INSTRUCTIONS TO FOLLOW:
Please reproduce the listing verbatim, without its images.

MATERIAL PROVIDED:
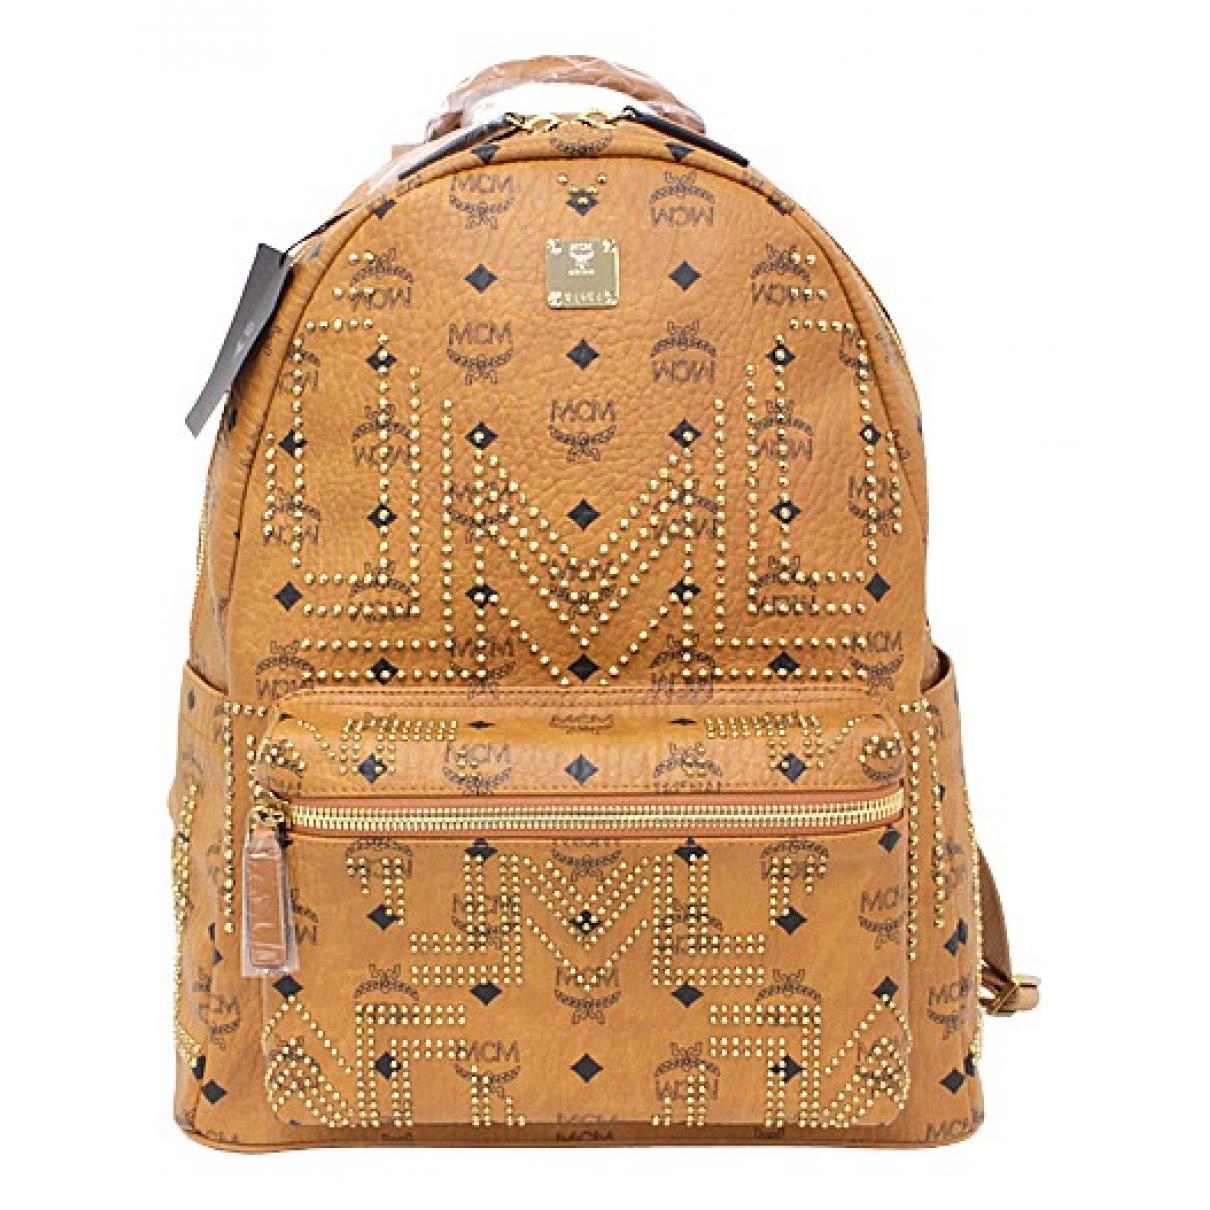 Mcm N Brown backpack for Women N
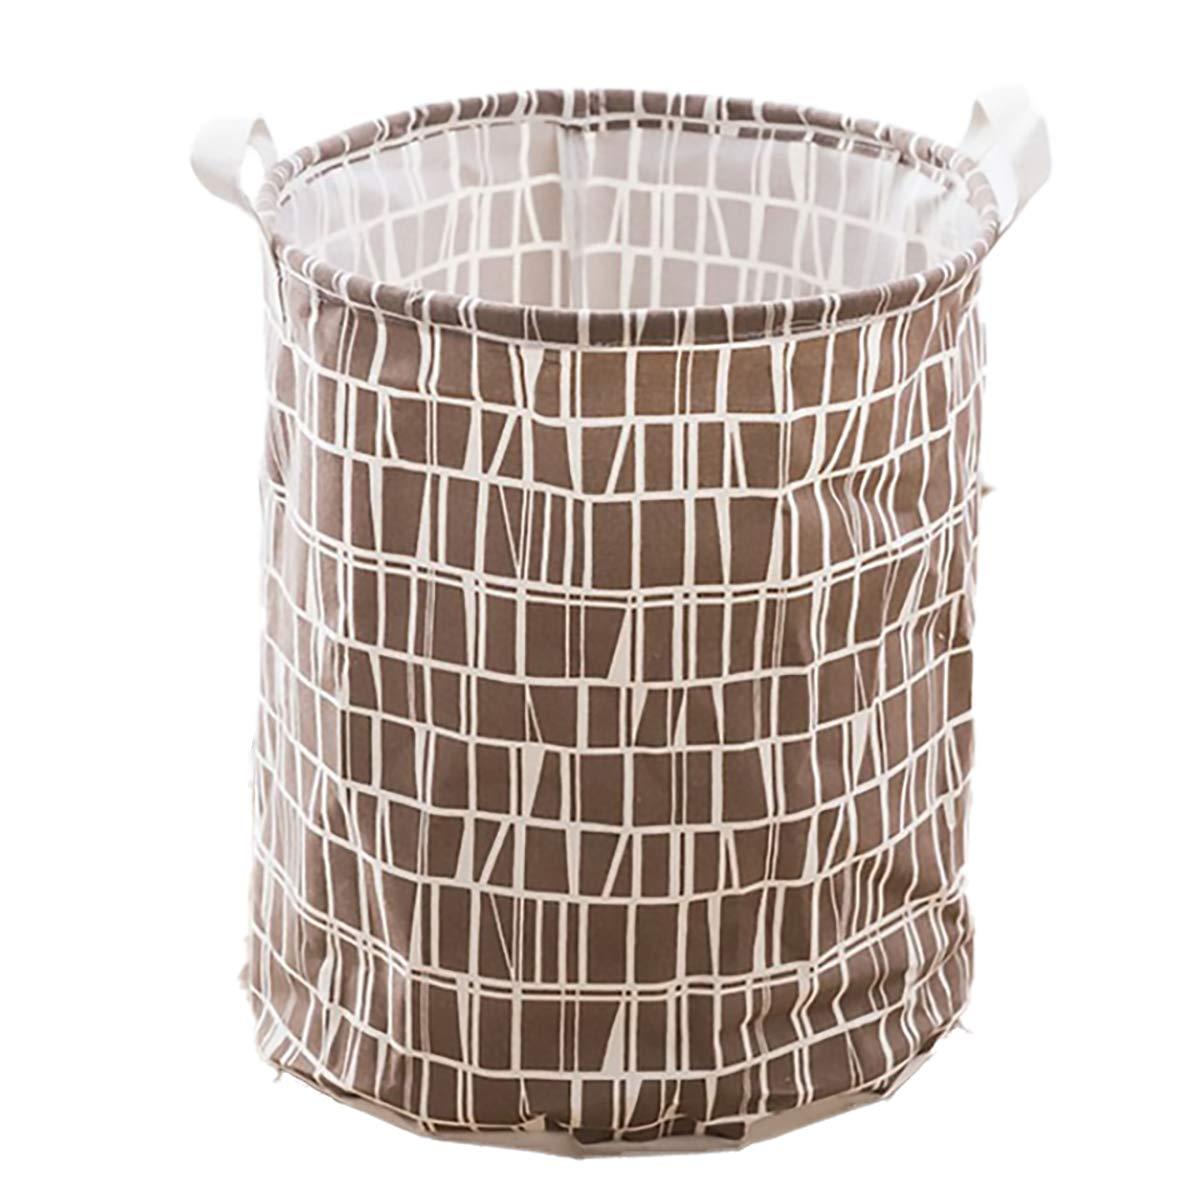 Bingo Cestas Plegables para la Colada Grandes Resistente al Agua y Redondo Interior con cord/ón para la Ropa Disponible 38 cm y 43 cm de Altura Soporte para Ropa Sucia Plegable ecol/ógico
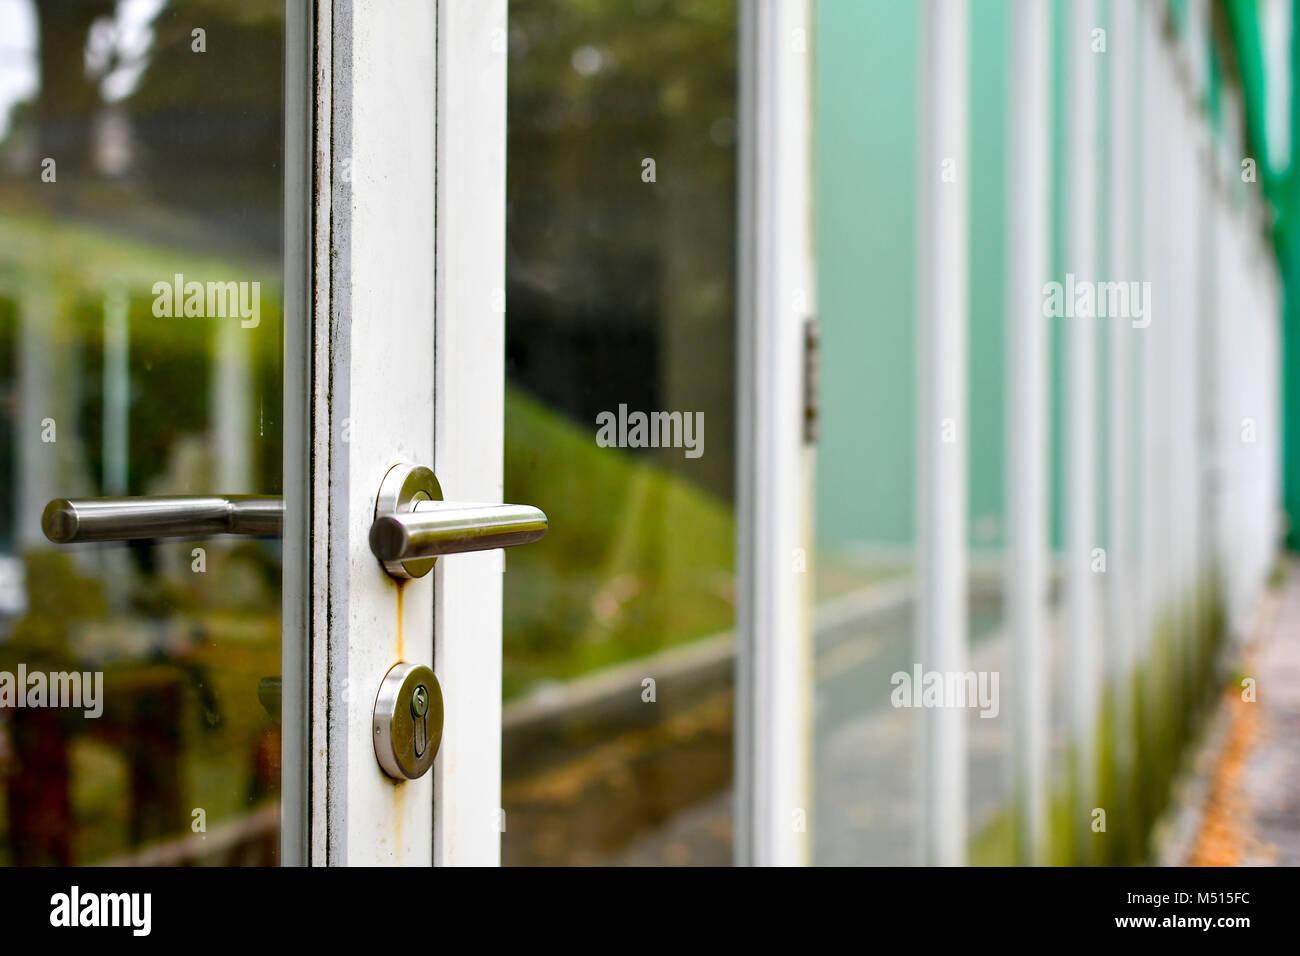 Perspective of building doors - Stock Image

ANSWER TO THE PROBLEM:
 Mcm N Brown backpack for Women N
 Bingo Cestas Plegables para la Colada Grandes Resistente al Agua y Redondo Interior con cord/ón para la Ropa Disponible 38 cm y 43 cm de Altura Soporte para Ropa Sucia Plegable ecol/ógico
 Perspective of building doors - Stock Image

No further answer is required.